Another interesting figure in Vallejo and Solano County history is Dr. Robert Semple. The founder of the neighboring town of Benicia, Semple is also noted as one of the state's first newspaper publishers. The first issue of the Californian in 1846 announced the declaration of war against Mexico. Semple also received from General Vallejo an undivided half interest in a five-mile stretch of land now known as Benicia, playing a key role in the development of this port city. Additionally, the first ferry service from Martinez across the Carquinez Straits was started by Semple and provided an important link for people seeking luck and fortune during the Gold Rush.

With the establishment of the Mare Island Naval Shipyard in 1854, Vallejo began to flourish. Mare Island grew into the largest ship construction and repair facility in the world during WWII. In the five war years, as the production rate at the shipyard increased, so too did the population of Vallejo, growing from 26,000 to nearly 100,000. 

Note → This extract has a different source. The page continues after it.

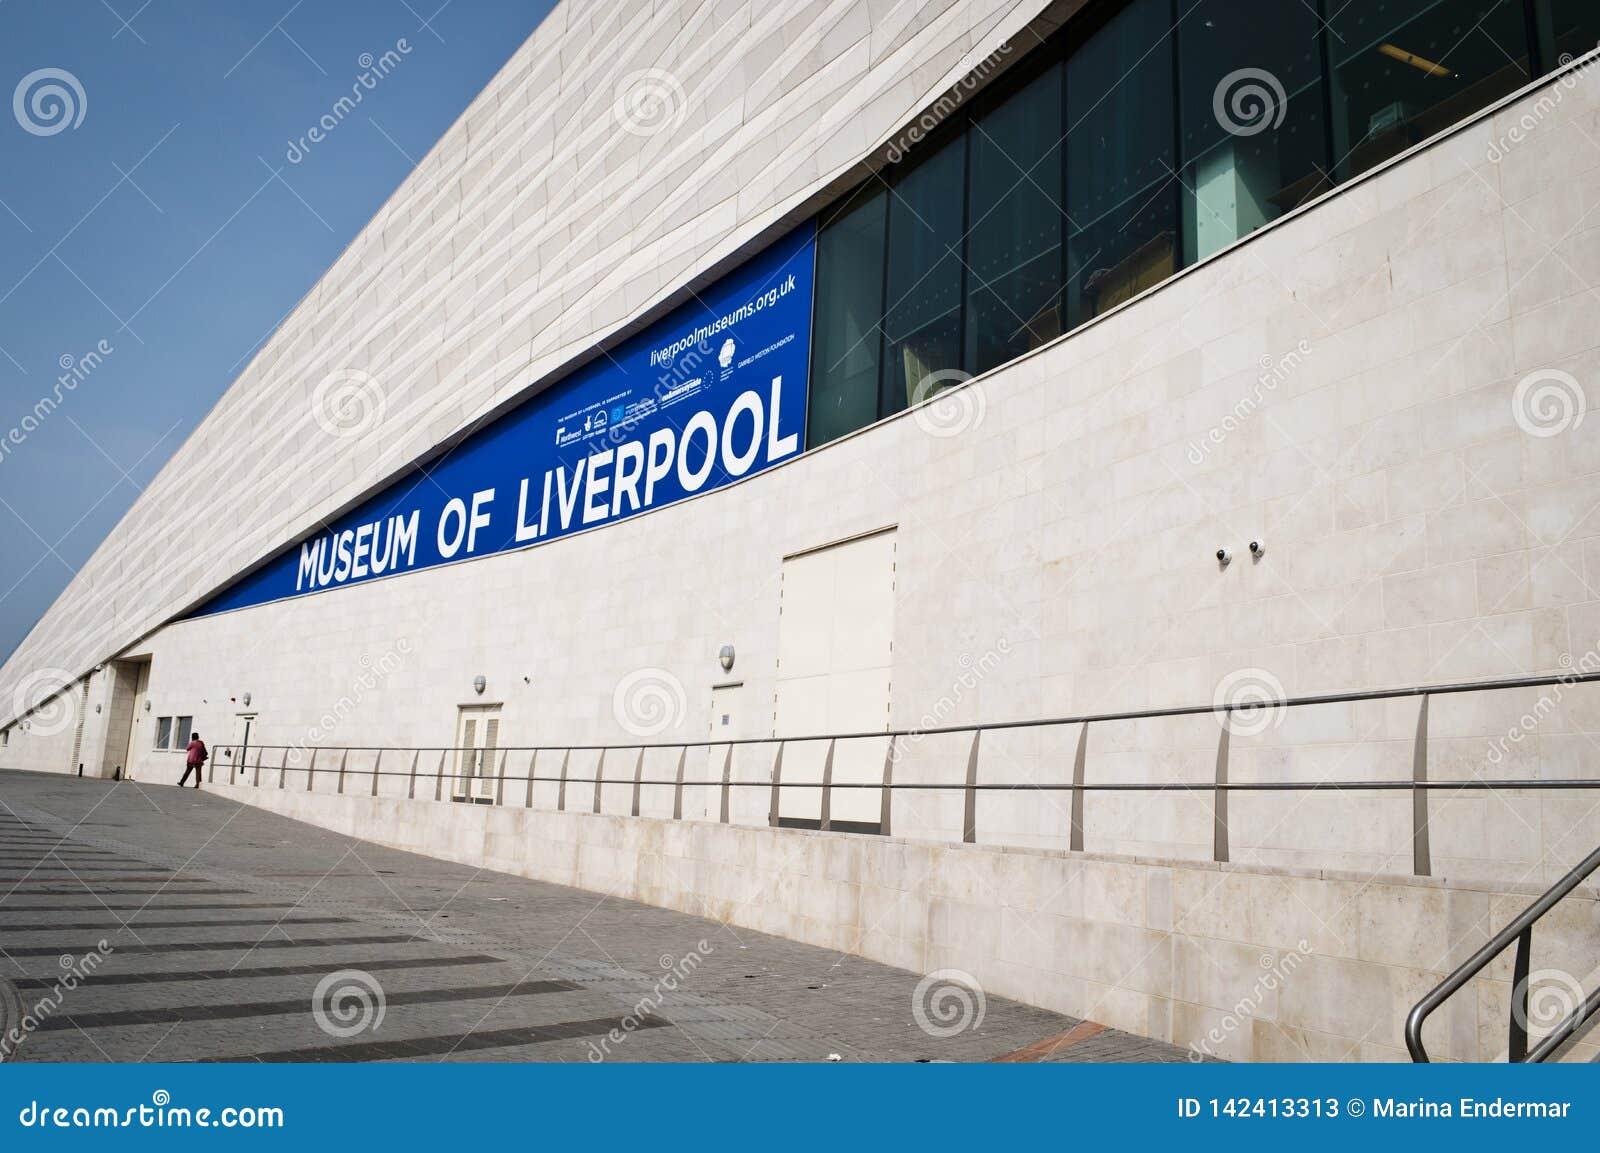 Museum of Liverpool, Pier Head, Liverpool Waterfront, UK

Mare Island had a tremendous impact on Vallejo and the surrounding areas for almost 150 years by employing much of the city's population as it built and repaired ships. And although the shipyard was officially closed in 1996, Mare Island's future is extremely bright. Over time, a combination of reuses will bring Mare Island back to the center of Vallejo¹s economic activity.

What is today known as the city's multicultural diversity began much earlier in Vallejo than many other California cities. Many Filipinos settled in the area in the 1920's after the Spanish-American War and the Philippine-American War. And of course the Navy's presence at Mare Island has attracted people from all over the world to settle in Vallejo making the city one of the most culturally diverse in all of Northern California.

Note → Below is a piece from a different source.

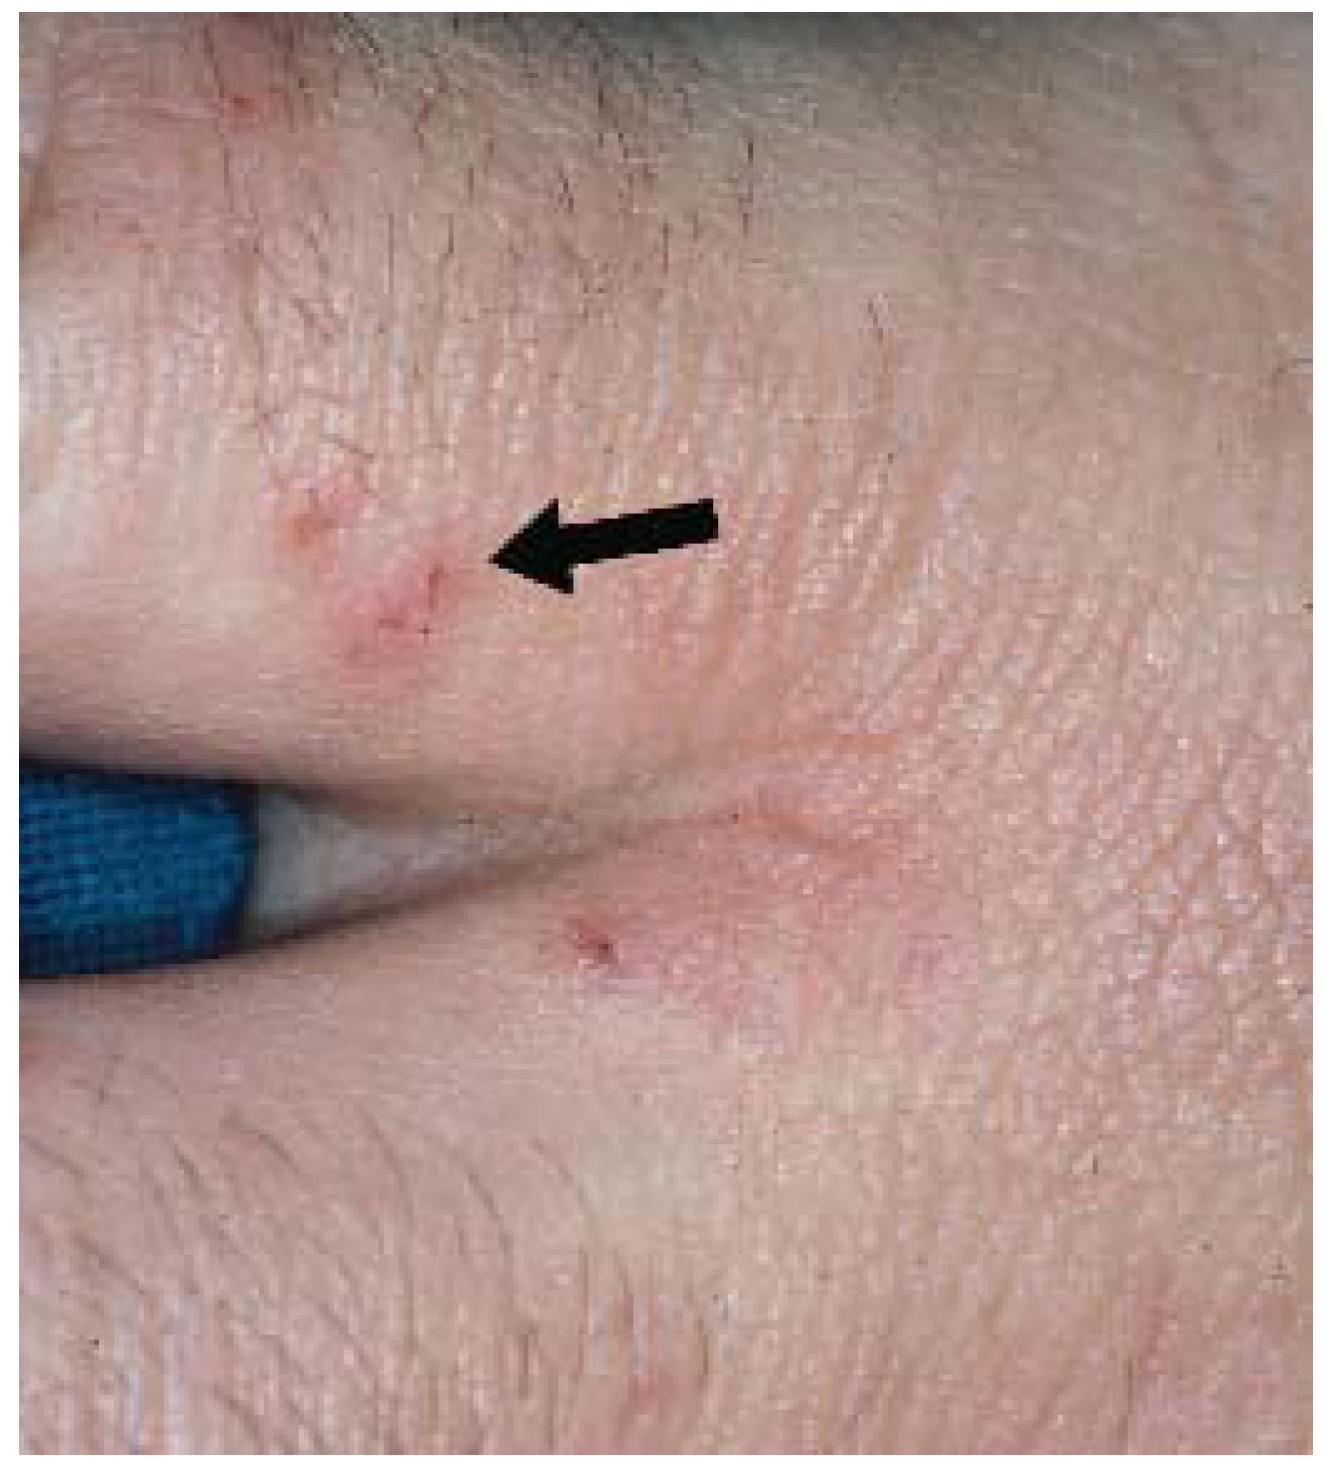 Saint Louis School >> JCM | Free Full-Text | Diagnosis of Atopic Dermatitis ...

The geography of the area has also played an important role in Vallejo's development and future. Located at the northern tip of San Pablo Bay, Vallejo's waterfront location has made it an important harbor not only for the military but also for commercial shipping, industry, oil companies and ferry transportation.

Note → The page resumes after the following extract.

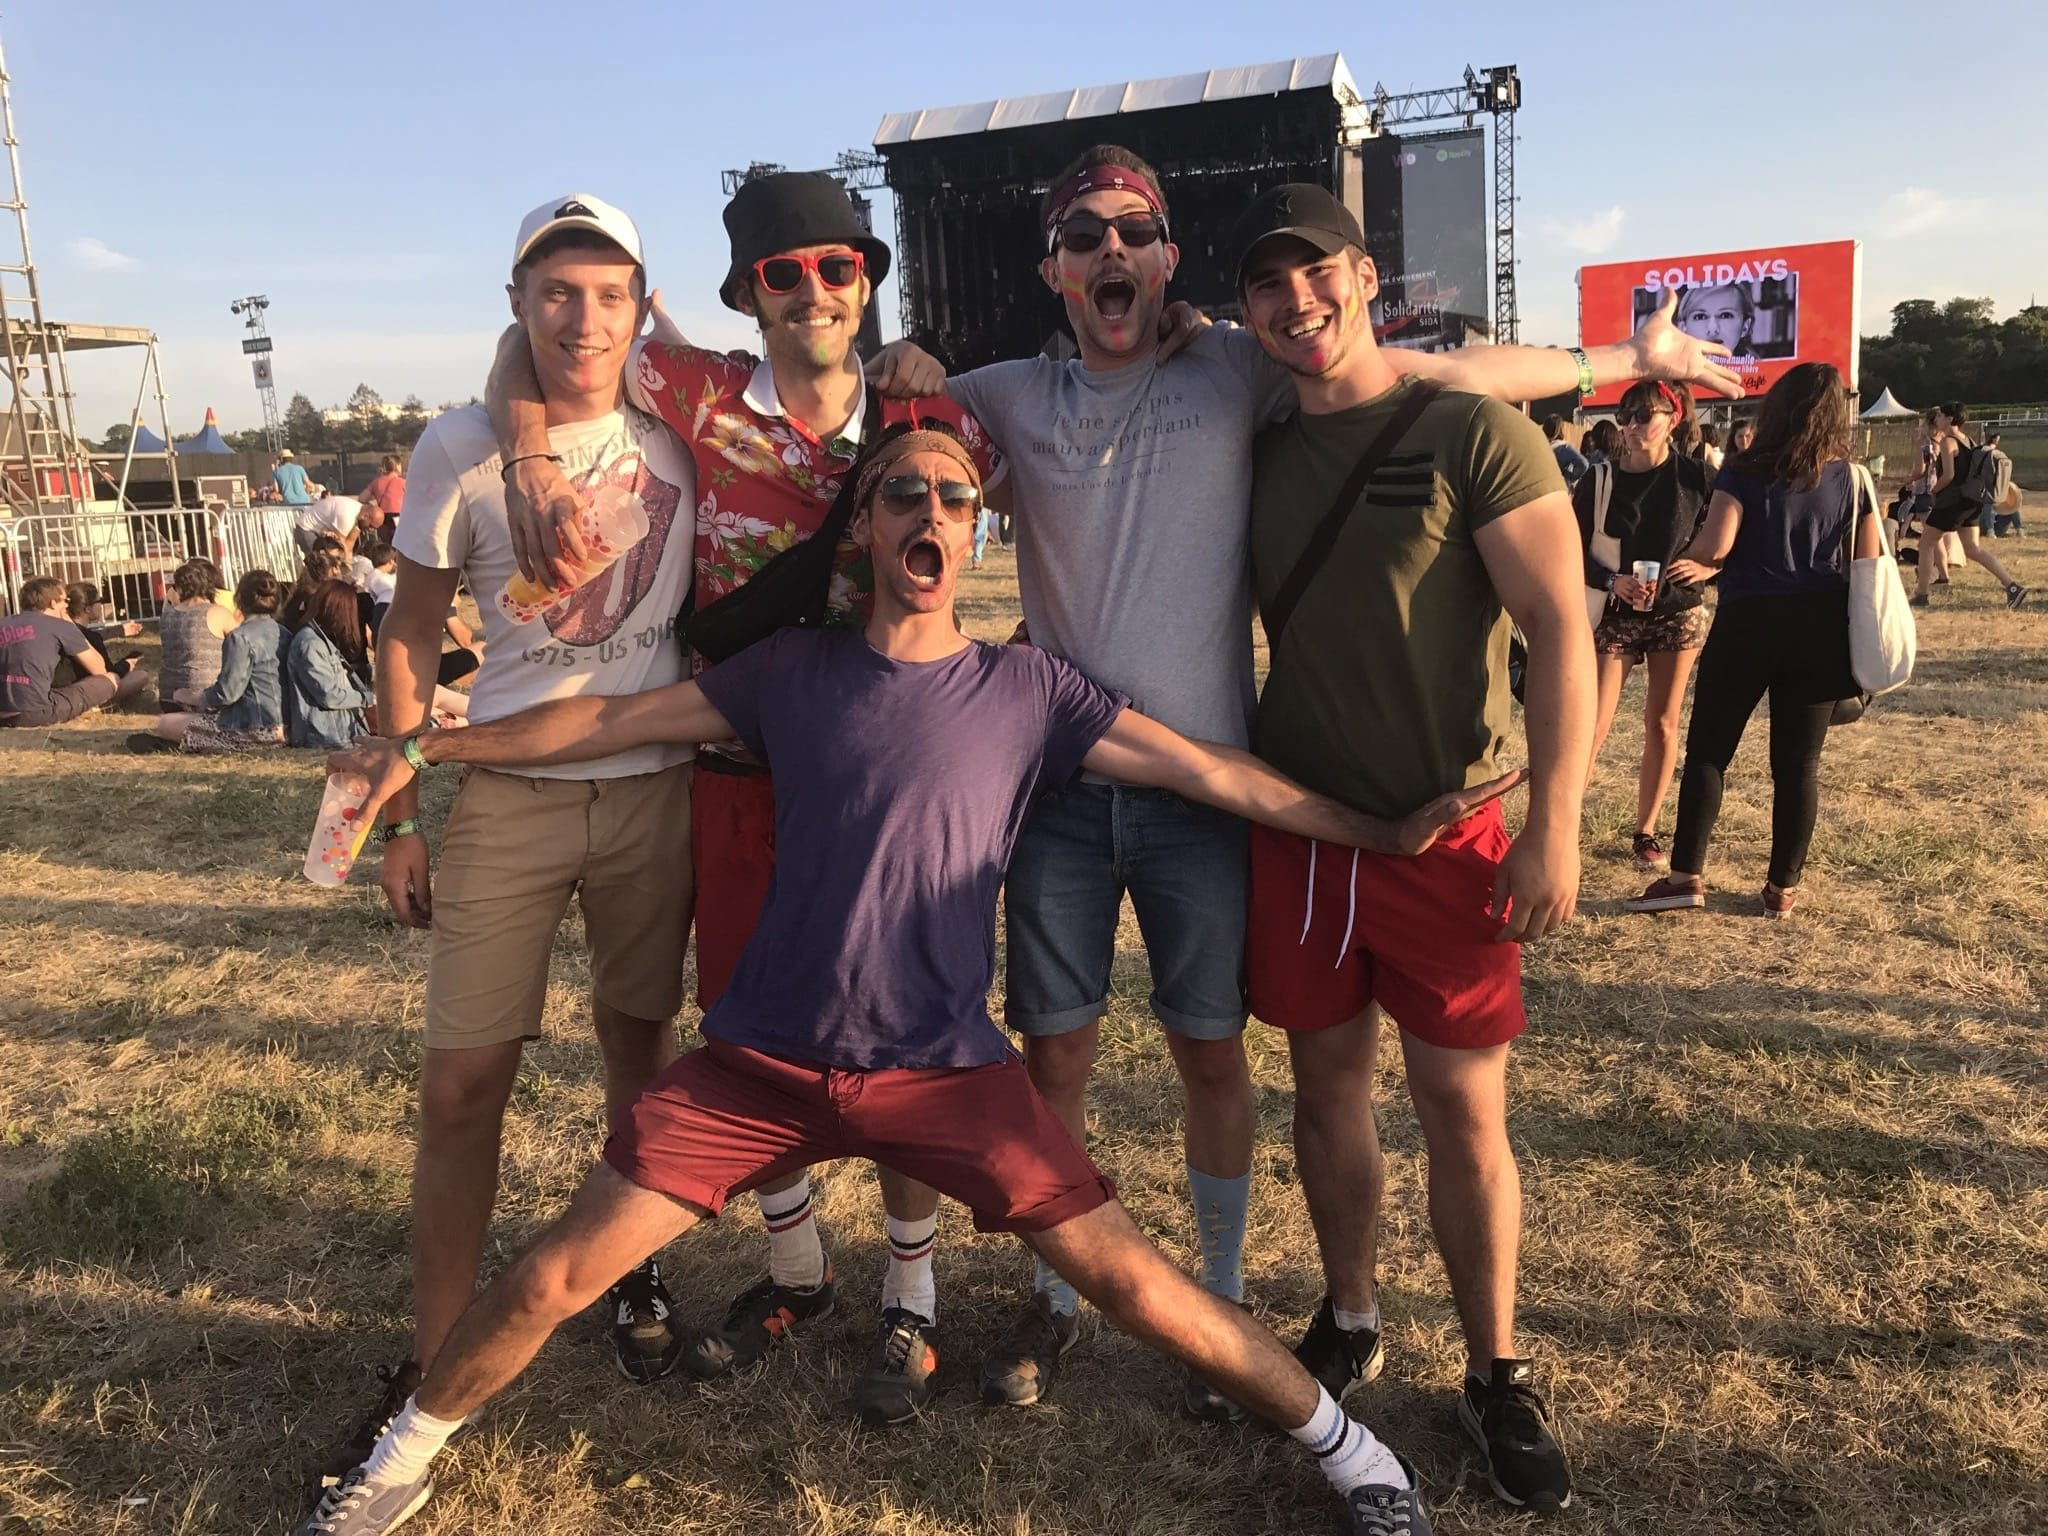 Solidays 2017 festivaliers _2

The Resources of California, again in 1863, described Vallejo¹s waterfront location: "It has a fine harbor, perfectly protected against all winds, with good holding-ground, and extent enough to accommodate all the commerce which will ever visit it."

Ferries were once a common form of transportation through the San Francisco Bay Area. They carried not only passengers but huge freight trains across the bay. The world's largest train ferries ever built, the Solano and Contra Costa, operated across the Carquinez Straits from 1879 to 1930. And riders for the Pony Express came from Sacramento to Benicia to catch the ferry across the straits.

Although ferry and passenger train service died down when America's love affair with the automobile began, these alternate forms of transportation are still used today. The City of Vallejo's four high-speed catamaran ferries carry thousands of passengers a week to and from San Francisco for work and play.

As the city entered a new millennium, the great influences of General Mariano Vallejo and John Frisbie and the contributions of Mare Island can still be seen in Vallejo today, side-by-side with twentieth-century development in downtown Vallejo with the refurbishment of the Empress Theatre and the forthcoming new waterfront development. As Vallejo continues to move into the future, its rich and historic past will not be forgotten.